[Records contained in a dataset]
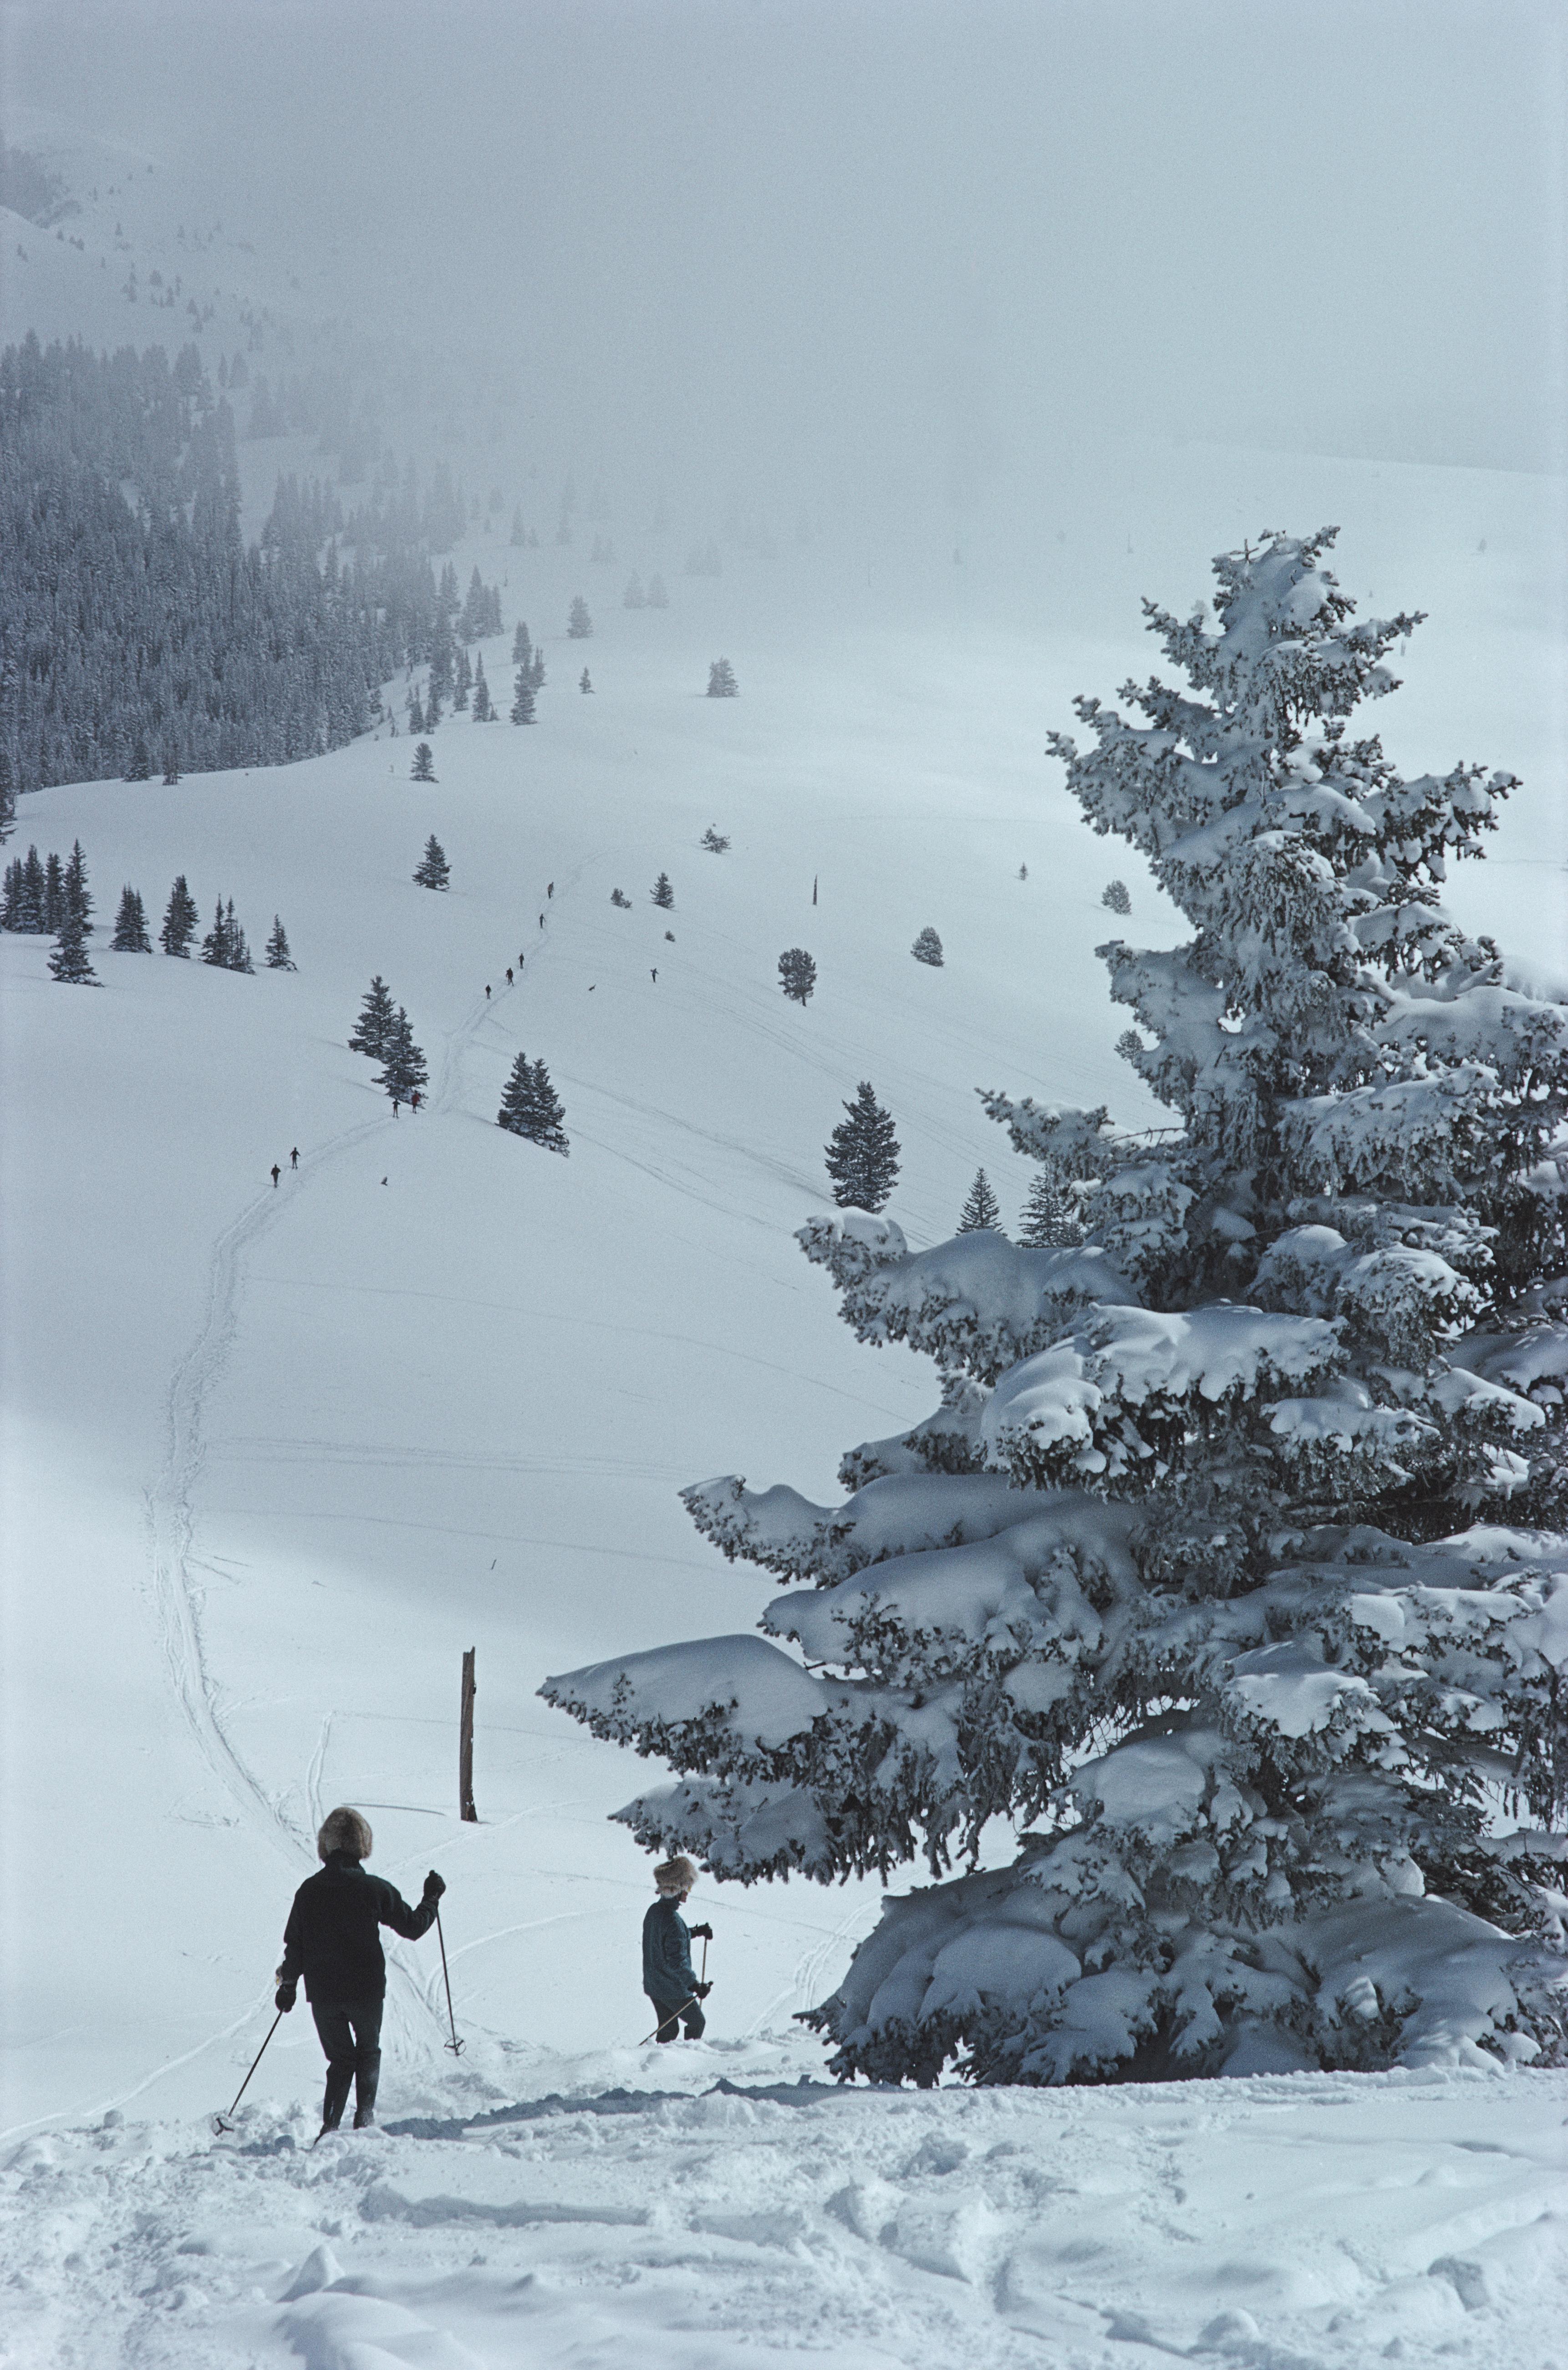 Des skieurs passent devant un arbre couvert de neige à Vail, Colorado, États-Unis, 1964

Slim Aarons
Ski à Vail, 1964
Impression Lambda
4 tailles disponibles
Slim Aarons Estate Edition

60 x 40 pouces
$3950

40 x 30 pouces
$3350

30 x 20

Task statement >> Return all the data exactly, and keep the pictures out.

Task result >>
 Des skieurs passent devant un arbre couvert de neige à Vail, Colorado, États-Unis, 1964

Slim Aarons
Ski à Vail, 1964
Impression Lambda
4 tailles disponibles
Slim Aarons Estate Edition

60 x 40 pouces
$3950

40 x 30 pouces
$3350

30 x 20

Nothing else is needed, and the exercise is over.